THE IDEA THAT terrorist groups benefit from the illegal ivory trade has become an increasingly
       common assertion in public discourse. This narrative has circulated since at least 2010, gaining
       increasing traction since 2013. It is rooted in wider discourses around the growing national
and international security implications of the IWT and concern over a growing crime-conflict-terror
nexus. Several armed non-state groups are frequently referenced in this context, the most common
being the Sudanese Janjaweed, Joseph Kony’s Lord’s Resistance Army (LRA) and Al-Shabaab.

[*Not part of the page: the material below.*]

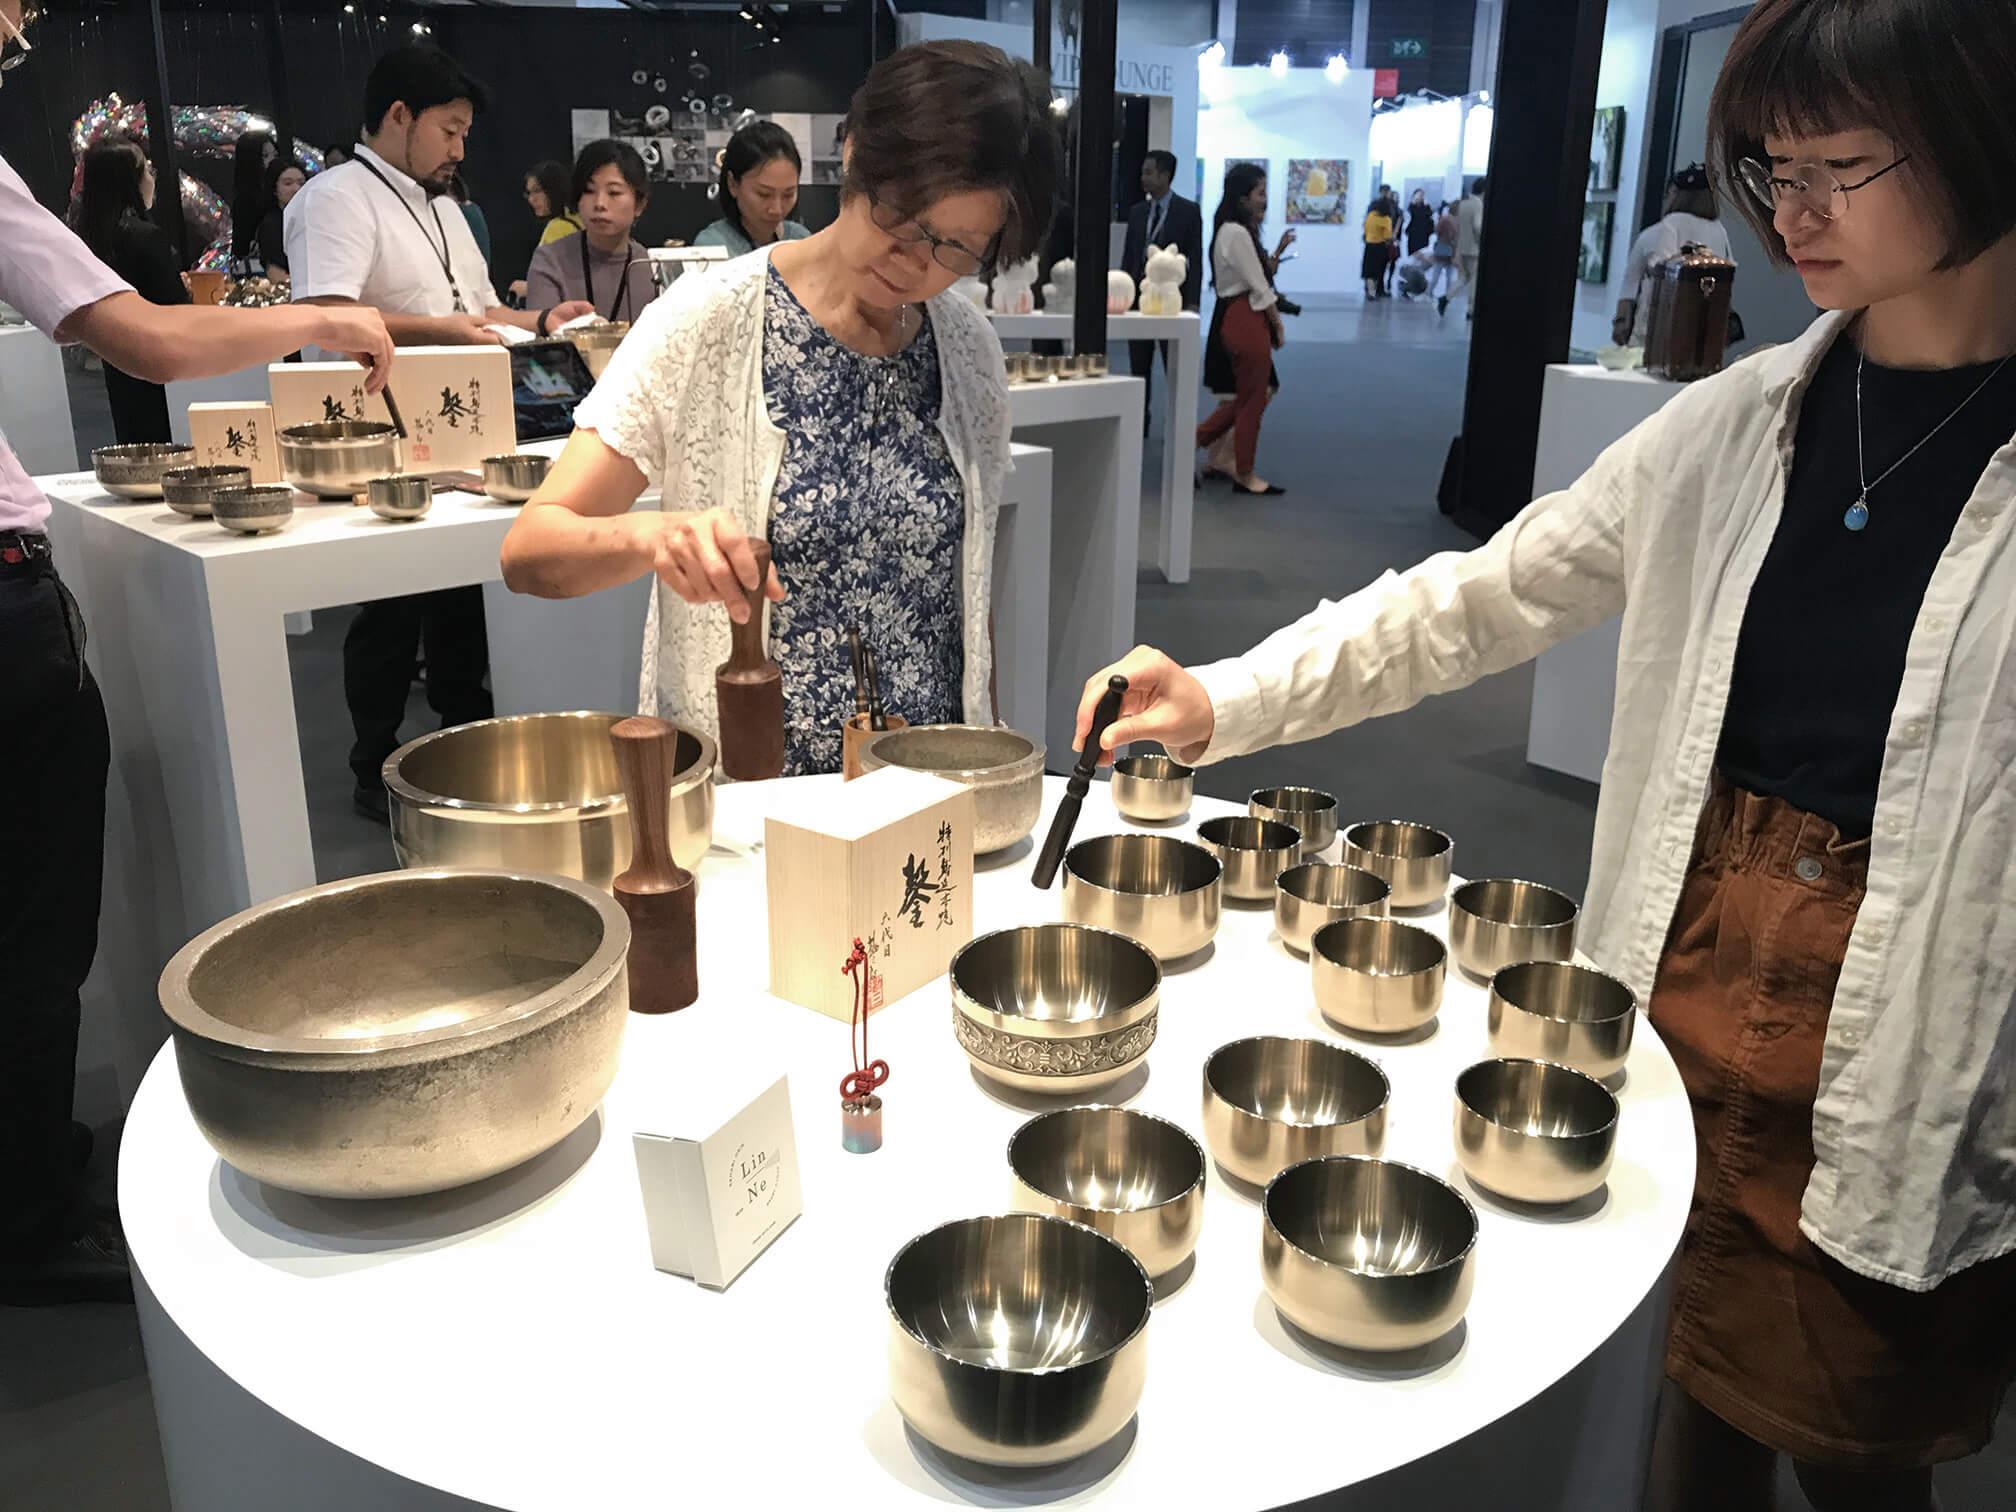 場中也有日本匠人的角落,帶來日本的頂級工藝,觀眾可近距離接觸、把玩。

Al-Shabaab is the only one of these to have been designated a Foreign Terrorist Organization
by the US State Department, despite the fact that the ‘terrorist’ label is frequently used to
reference all three.1 Al-Shabaab’s links to the illegal ivory trade have also attracted particularly
widespread attention. The core narrative advocated by proponents of this view is that ivory has
been a major source of funding for Al-Shabaab and, in turn, that Al-Shabaab has been a major
player in the East African ivory trade.

This assertion rests on two main claims. Firstly, that Al-Shabaab and linked Somali gangs source
ivory by poaching Kenyan elephants directly. Secondly, that Al-Shabaab acts as a key middleman,
trafficking vast quantities of ivory in a chain running through Somalia. Three sets of actors have
been at the forefront of propagating both narratives: NGOs and research institutes; the media;
and politicians. This chapter will consider each in turn.

NGOs and Research Institutes

The single most influential proponent of the Al-Shabaab–ivory trade nexus has been the
California-based Elephant Action League (EAL). A brief report by the organisation published in
January 2013 claimed to detail Al-Shabaab’s involvement in trafficking vast ivory flows through
Somalia. Titled ‘Africa’s White Gold of Jihad’, its assertions were based on an eighteen-month
undercover investigation in East Africa. Its headline contention was that Al-Shabaab’s income,
from a monthly export of 1–3 tonnes of ivory, amounted to as much as $200,000–$600,000 a
month. This, it was argued, contributed as much as 40 per cent of the group’s running costs.2

1.	 US Department of State, Bureau of Counterterrorism, ‘Foreign Terrorist Organizations’, <http://
      www.state.gov/j/ct/rls/other/des/123085.htm>, accessed 17 August 2015. Both the Janjaweed
      and Lord’s Resistance Army (LRA) appear on the Terrorism Research and Analysis Consortium’s
      database (http://www.trackingterrorism.org), the University of Maryland’s Study of Terrorism
      and Responses to Terrorism Global Terrorism Database (http://www.start.umd.edu/gtd) and the
      National Counterterrorism Center’s Counterterrorism Guide (http://www.nctc.gov/site/index.
      html), amongst others.

2.	 Nir Kalron and Andrea Crosta, ‘Africa’s White Gold of Jihad: Al-Shabaab and Conflict Ivory’,
      Elephant Action League, January 2013, <http://elephantleague.org/project/africas-white-gold-of-
      jihad-al-shabaab-and-conflict-ivory/>, accessed 17 August 2015.